__EXERCISE INSTRUCTIONS__: Return exactly the lines of the records below, starting at the line that contains "Bίντεο: Δύο κουτάβια" and ending at the line that contains "2015 Toyota Corolla", with both of those lines kept.

(Beginning of ENTRIES PROVIDED)

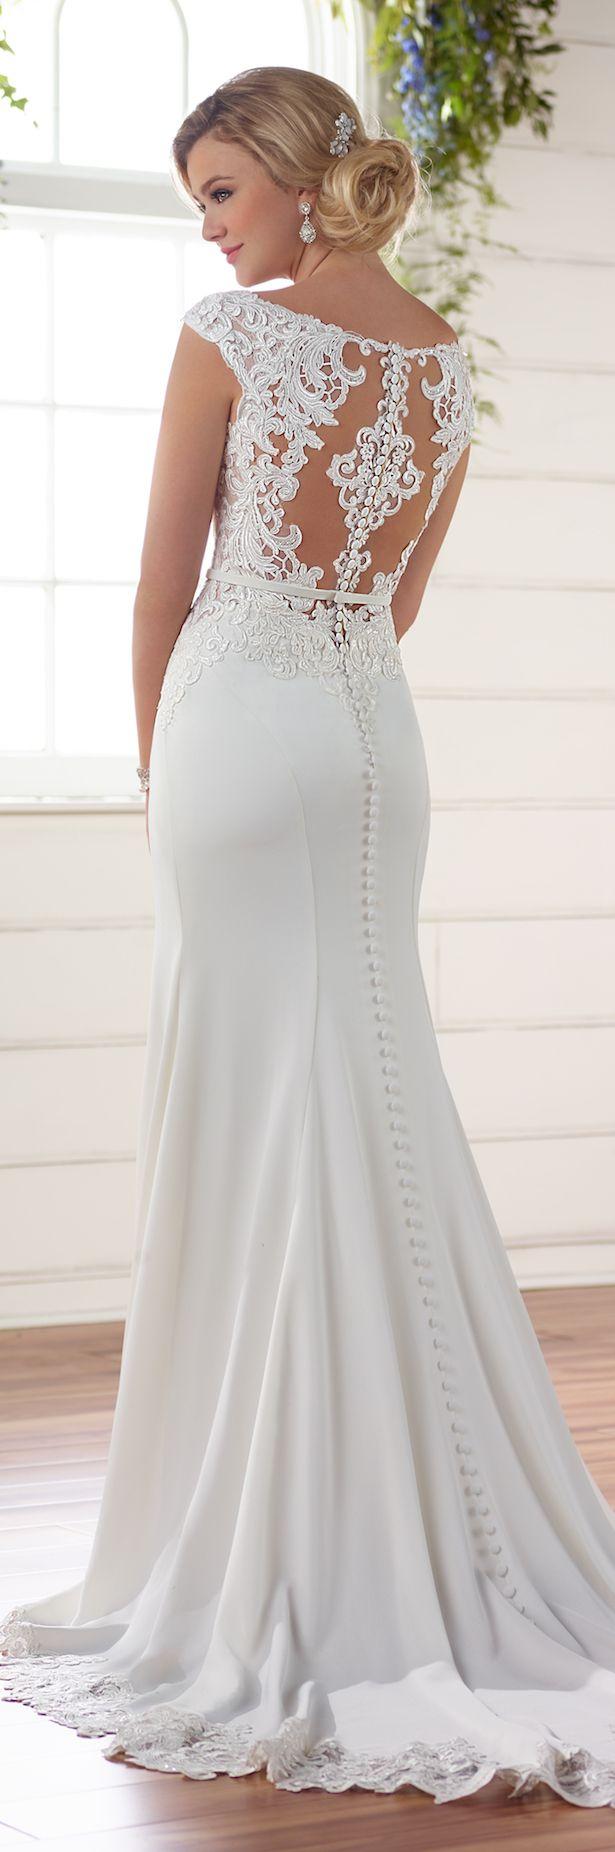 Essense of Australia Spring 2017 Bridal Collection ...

(End of ENTRIES PROVIDED)
(Beginning of ENTRIES PROVIDED)

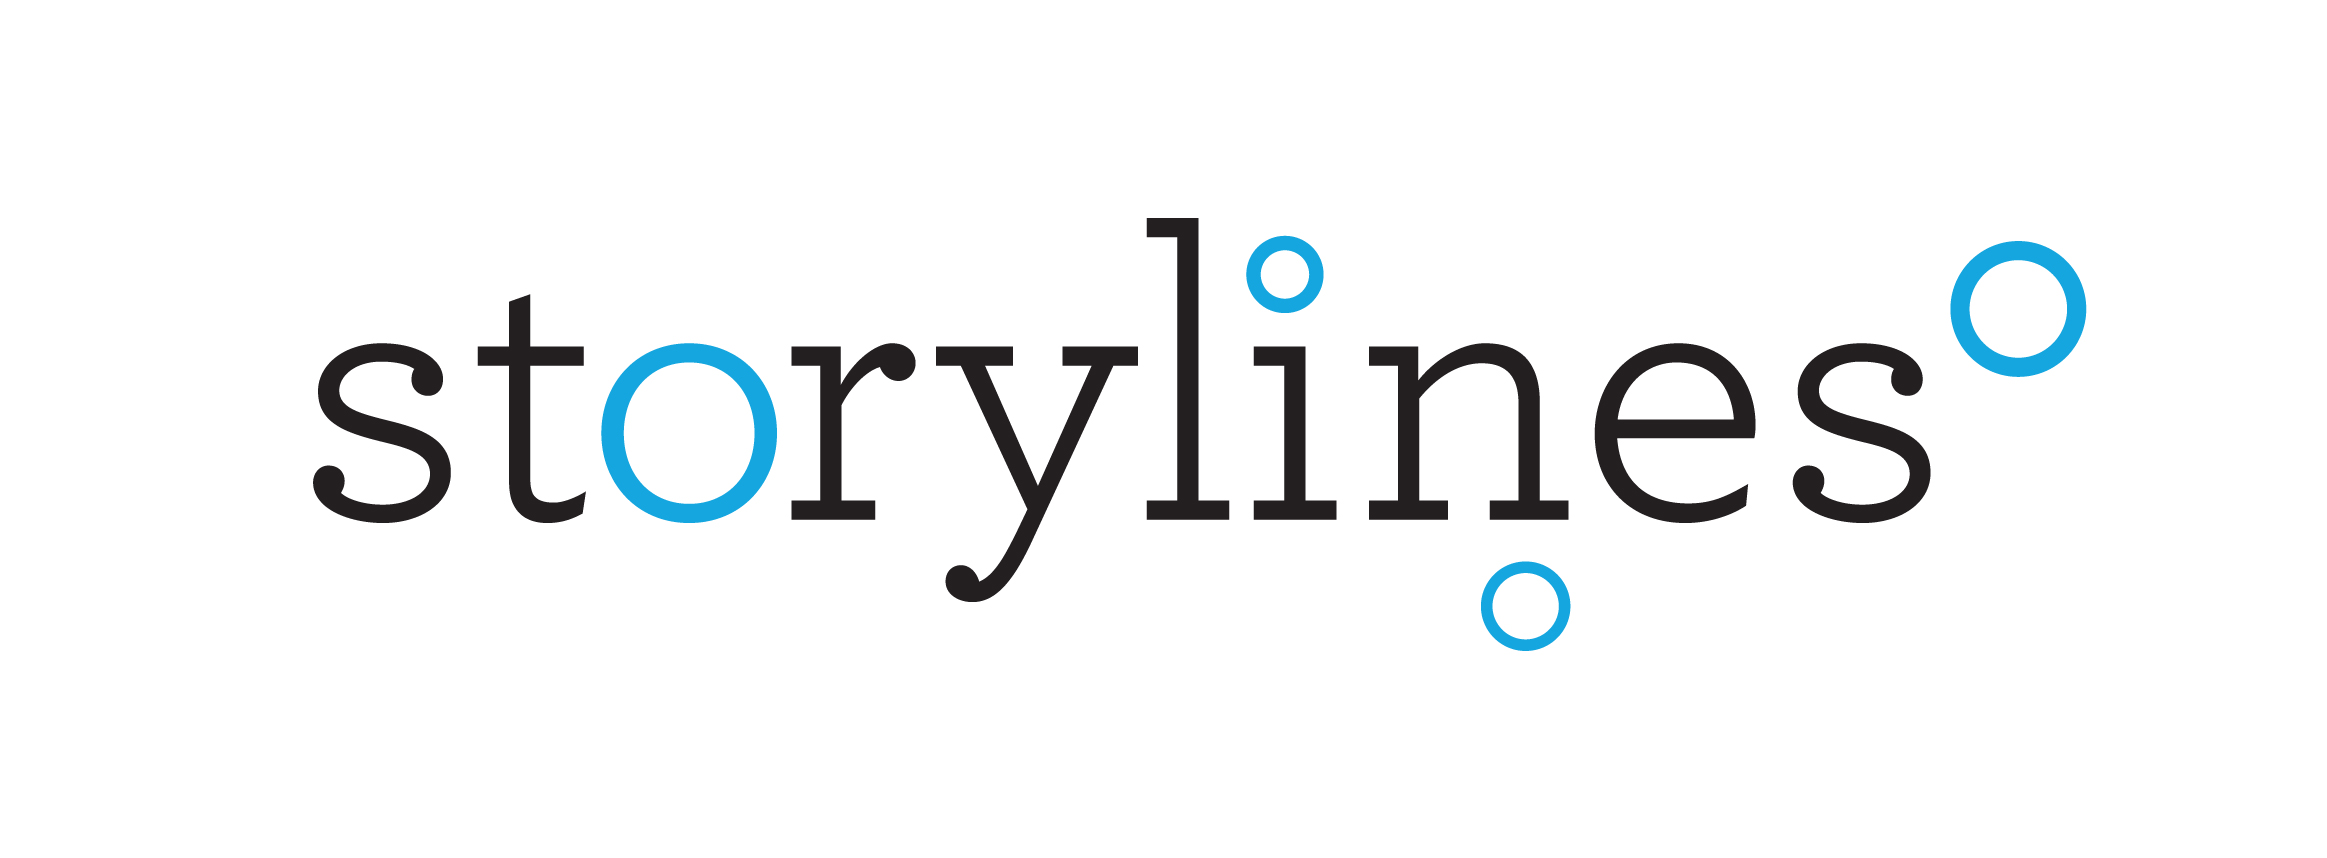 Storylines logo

(End of ENTRIES PROVIDED)
(Beginning of ENTRIES PROVIDED)

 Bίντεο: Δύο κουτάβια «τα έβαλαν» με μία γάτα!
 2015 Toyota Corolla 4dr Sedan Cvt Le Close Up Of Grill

(End of ENTRIES PROVIDED)

__PROBLEM SOLUTION__:
 Bίντεο: Δύο κουτάβια «τα έβαλαν» με μία γάτα!
 2015 Toyota Corolla 4dr Sedan Cvt Le Close Up Of Grill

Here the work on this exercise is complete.